Страница 40 из 128
Из Оленьего рва, с его покрытых кустарником и цветущими деревьями склонов веяло запахом жасмина и сирени. Вдали, как сон, обрамленный серебряной пеной брызжущих фонтанов, возвышался летний дворец королевы Анны. В слепящих лучах полуденного солнца, со своей вздутой медно-зеленой патиновой крышей, он казался гигантским сверкающим жуком.
Сердце вдруг гулко забилось в груди императорского лейб-медика. Мягкий, сонный весенний воздух, аромат цветов, играющие дети, внизу — подернутая дымкой панорама города и собор со стаями кружащих над гнездами галок — все это вновь пробудило в нем смутное предосудительное чувство, испытанное сегодня утром: неужели всю жизнь он обманывал самого себя?

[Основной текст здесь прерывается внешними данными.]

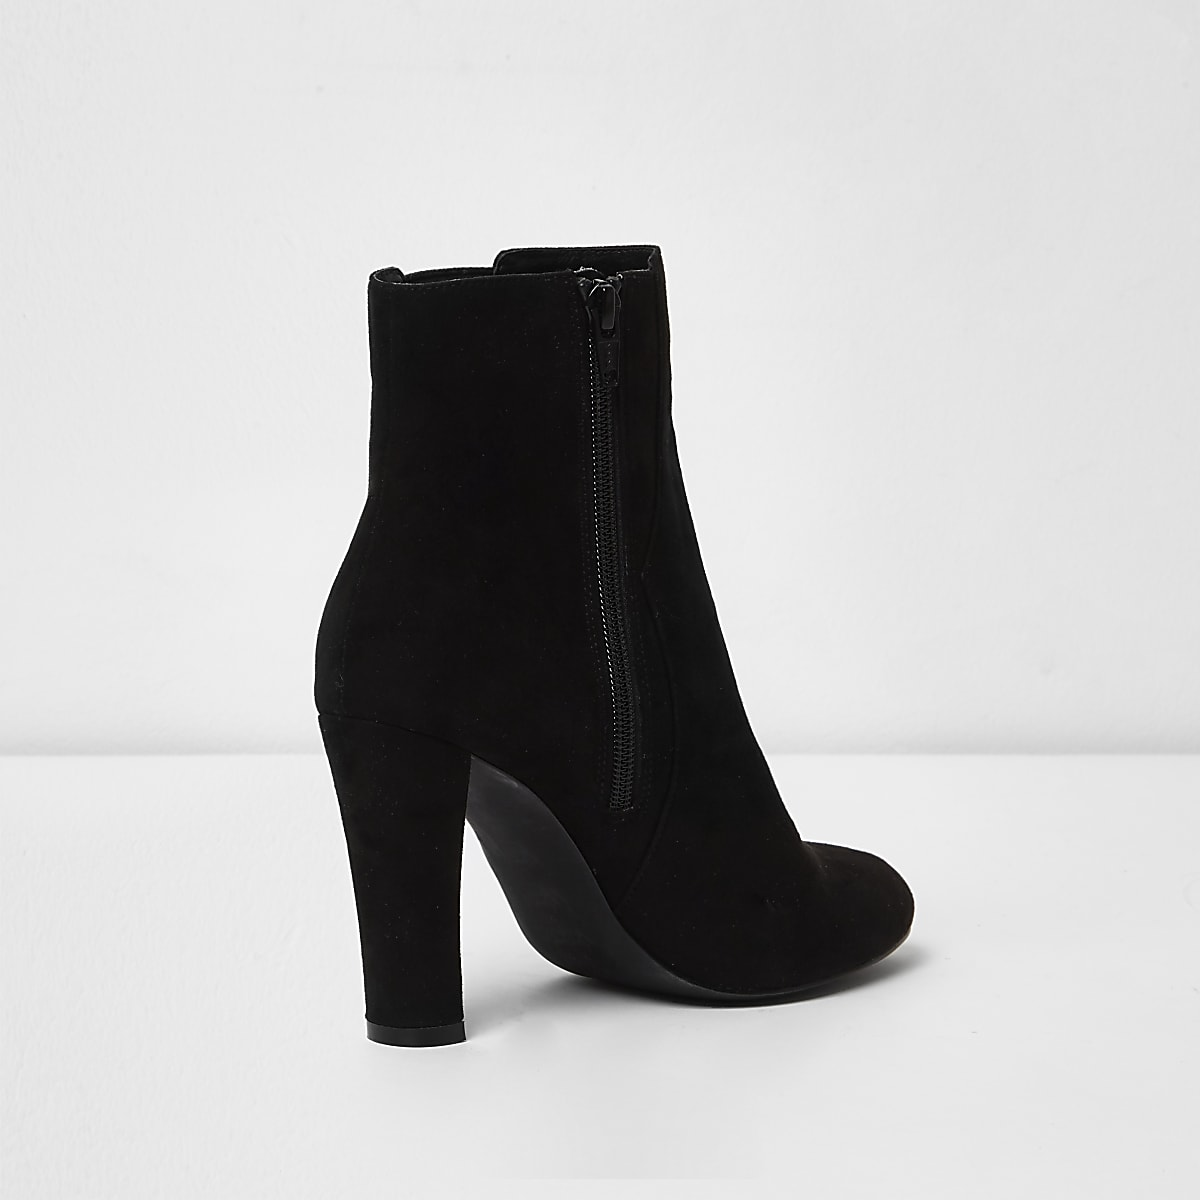 2538b99bb0c3d Black heeled chelsea boots - Boots - Shoes & Boots - women
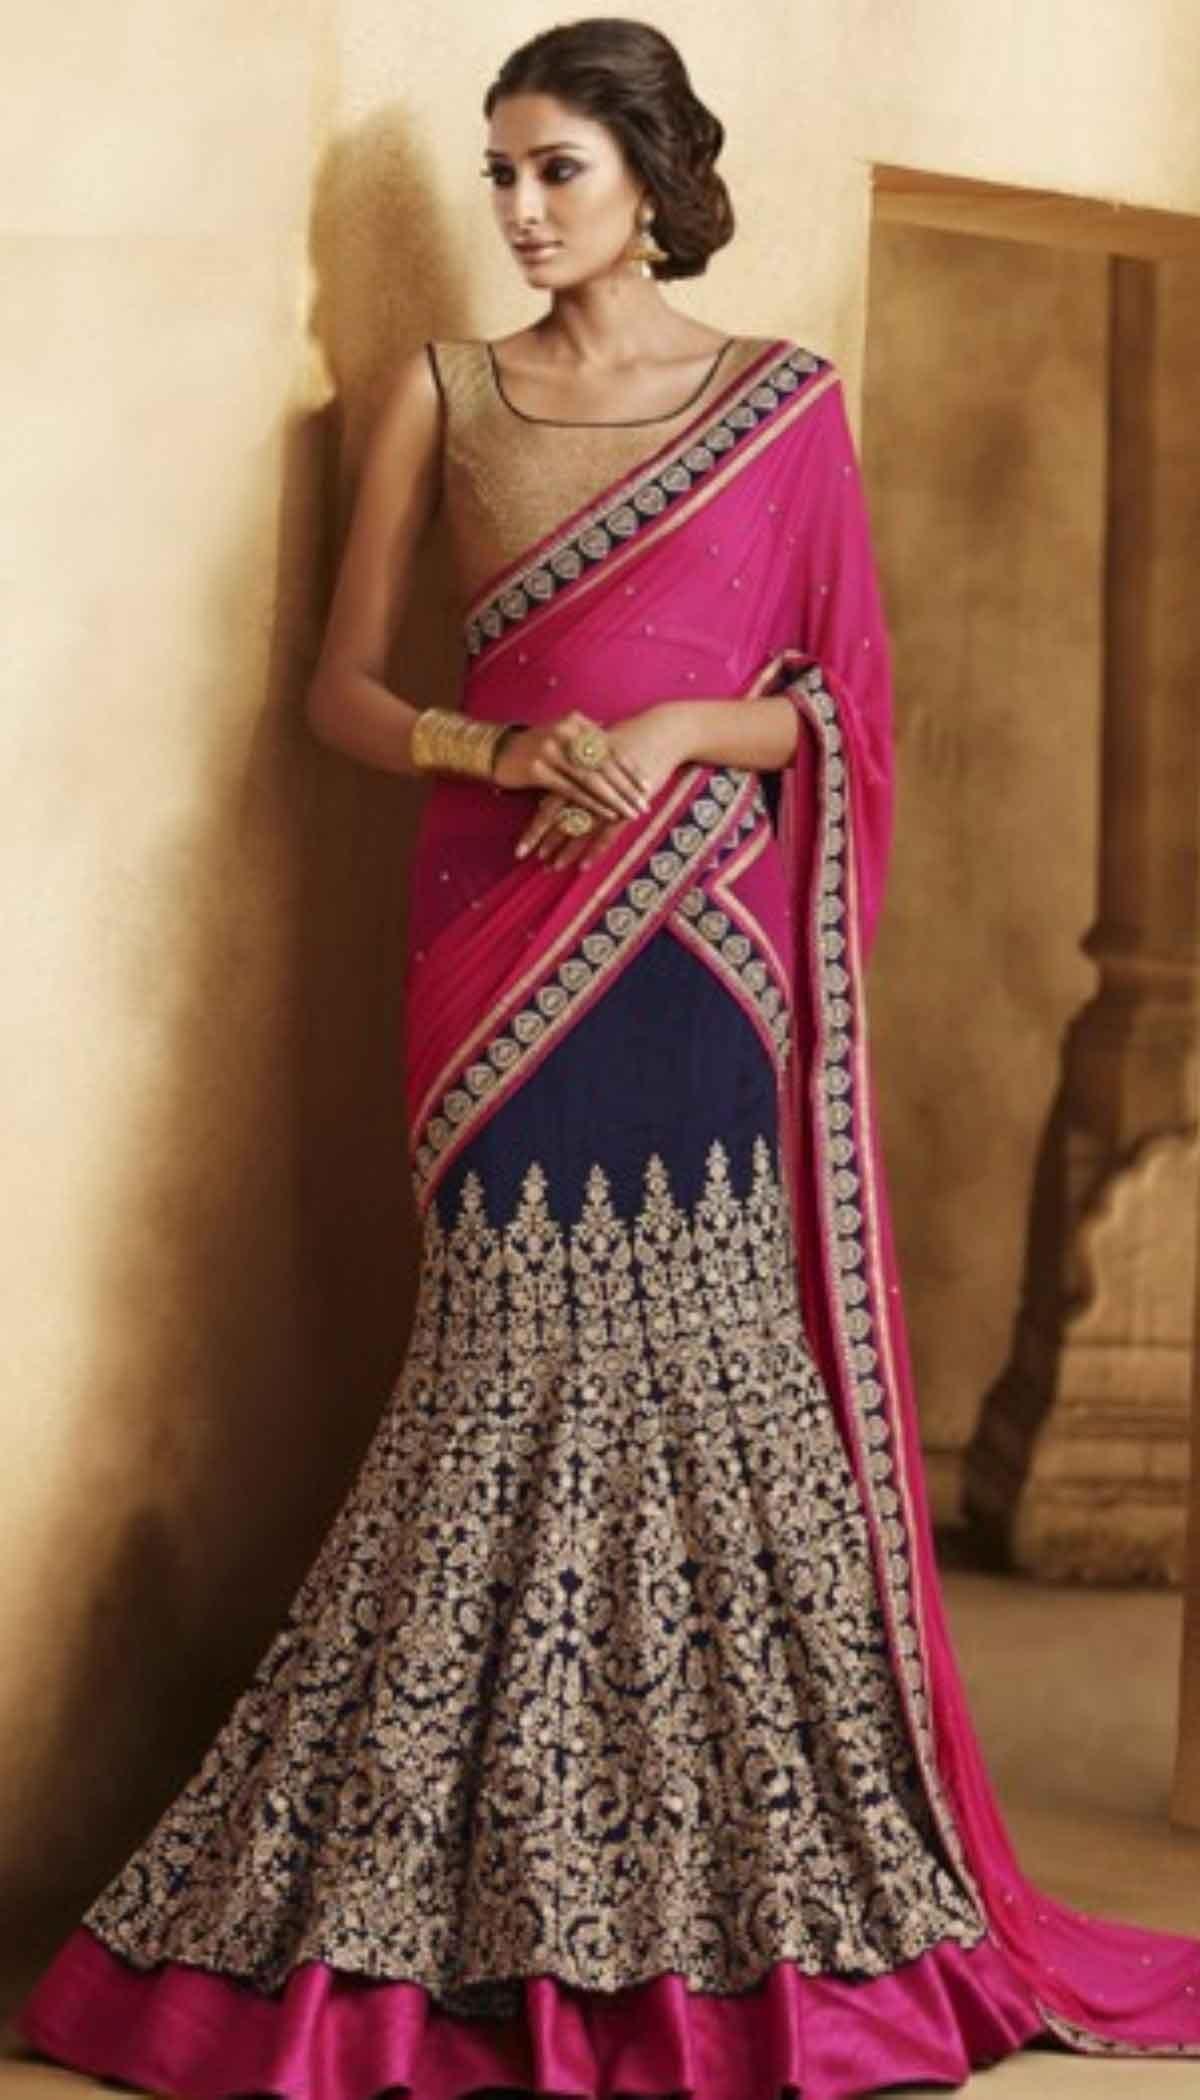 Party Wear Sarees for Elegant Looks - storiestrending.com

Некоторое время он наблюдал, как под ударами бича, взметая облачка пыли, вращался маленький, похожий на кеглю, серо-красный волчок, и не мог припомнить, чтобы мальчишкой когда-нибудь играл в эту веселую игру, — а вот теперь как будто упустил вместе с нею целую жизнь, полную солнечного безмятежного счастья...
Крохотные домишки, в открытые прихожие которых он заглядывал в поисках актера Зрцадло, казались вымершими.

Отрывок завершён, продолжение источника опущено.